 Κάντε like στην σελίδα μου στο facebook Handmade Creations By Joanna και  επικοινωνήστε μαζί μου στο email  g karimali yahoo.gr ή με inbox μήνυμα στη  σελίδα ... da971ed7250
---
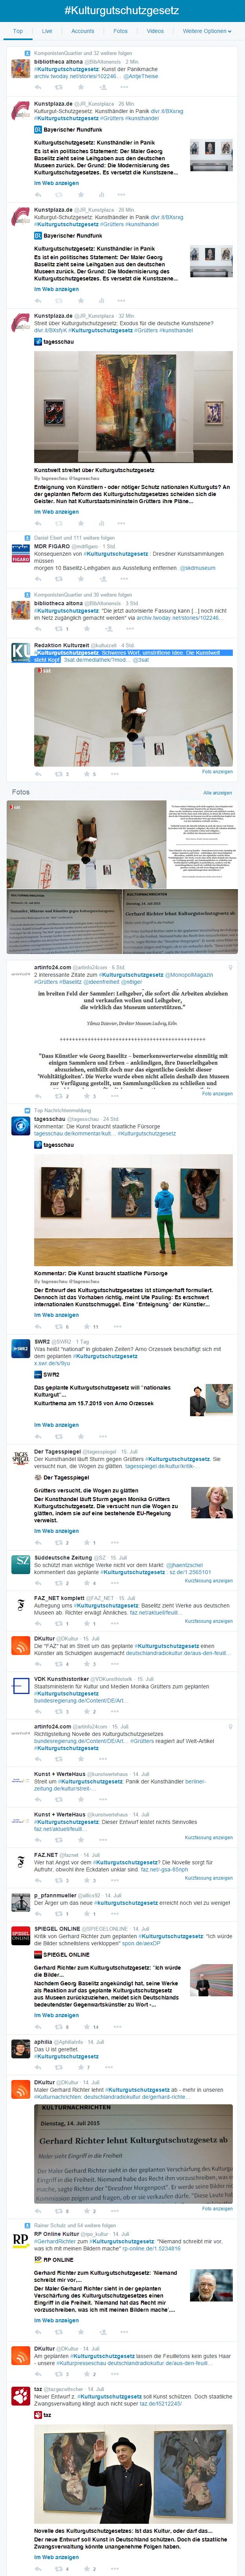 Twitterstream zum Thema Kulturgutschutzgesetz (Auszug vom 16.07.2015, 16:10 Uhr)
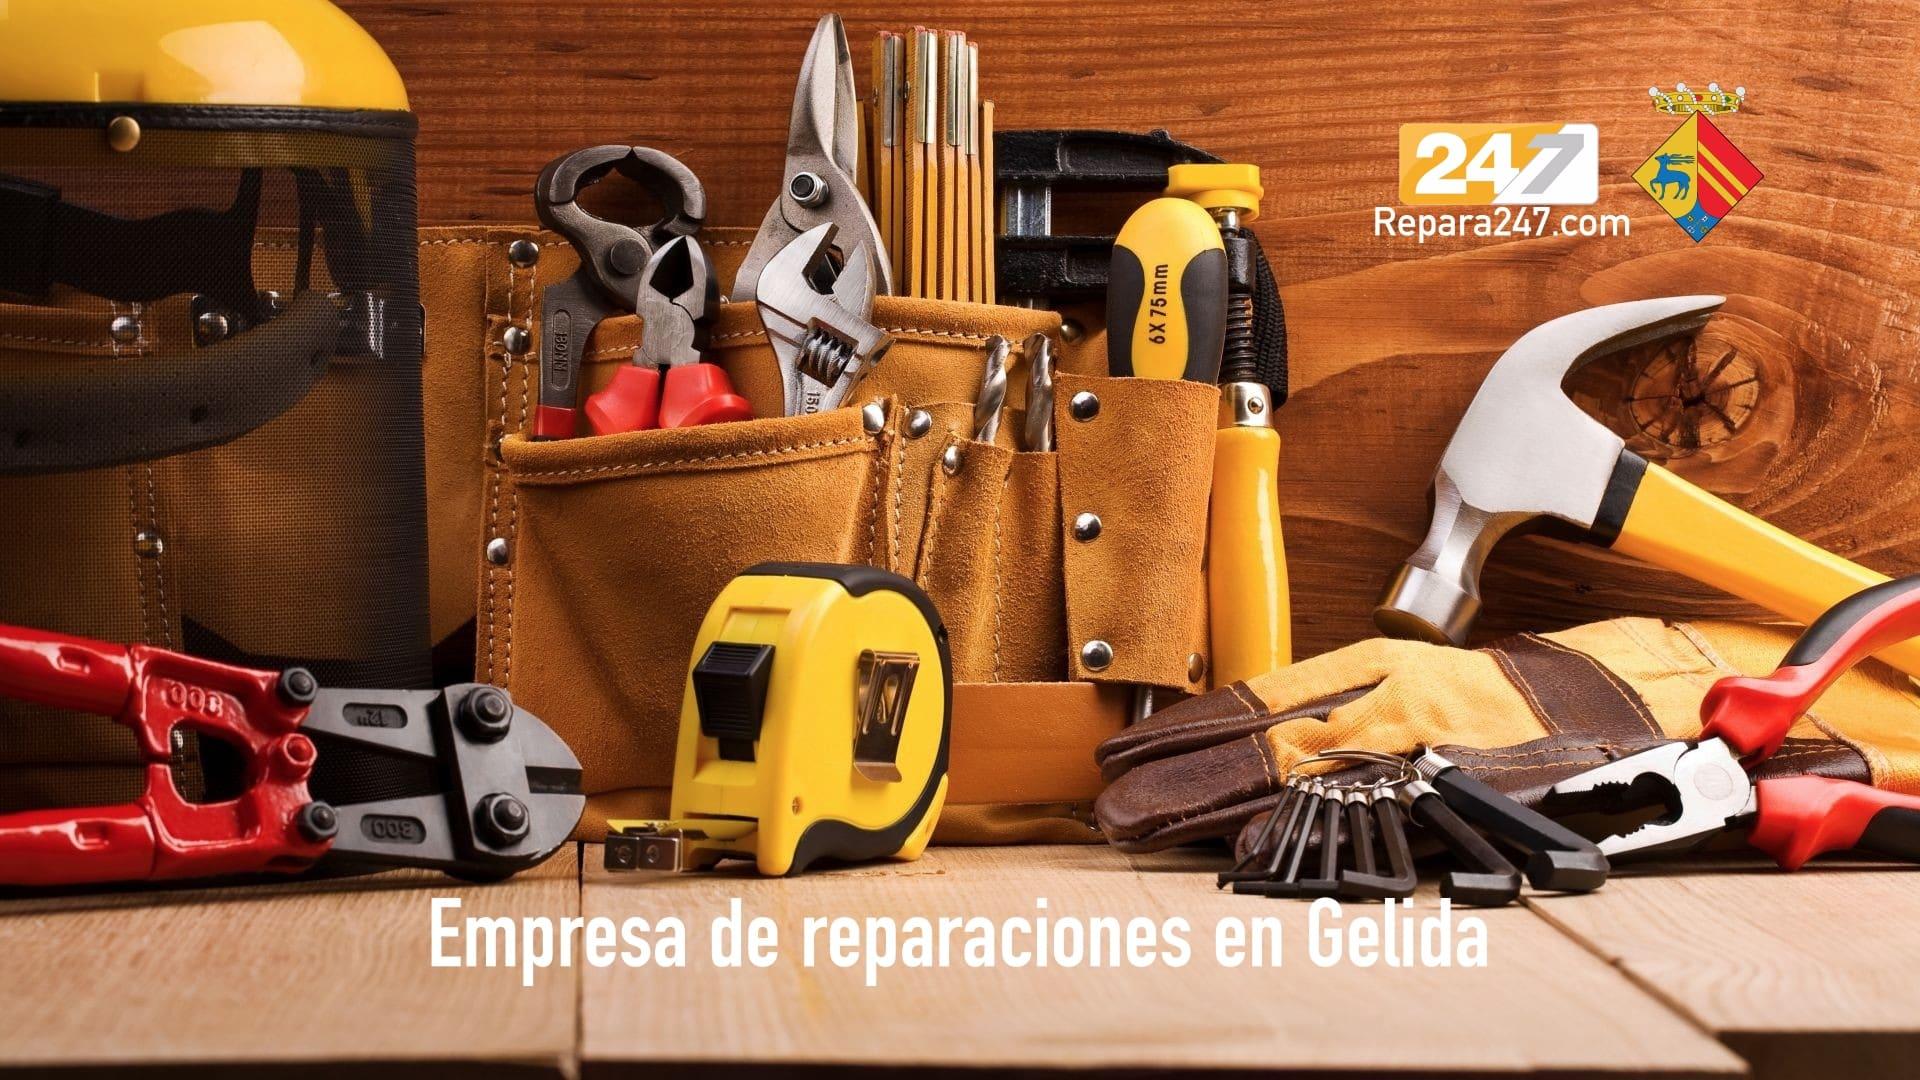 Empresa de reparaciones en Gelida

What is required:
Skipping the pictures, print the lines in the listing above exactly as written, starting at the line with "Twitterstream zum Thema" and ending at the line with "Empresa de reparaciones en Gelida", both included.

Answer to this problem:
 Twitterstream zum Thema Kulturgutschutzgesetz (Auszug vom 16.07.2015, 16:10 Uhr)
 Empresa de reparaciones en Gelida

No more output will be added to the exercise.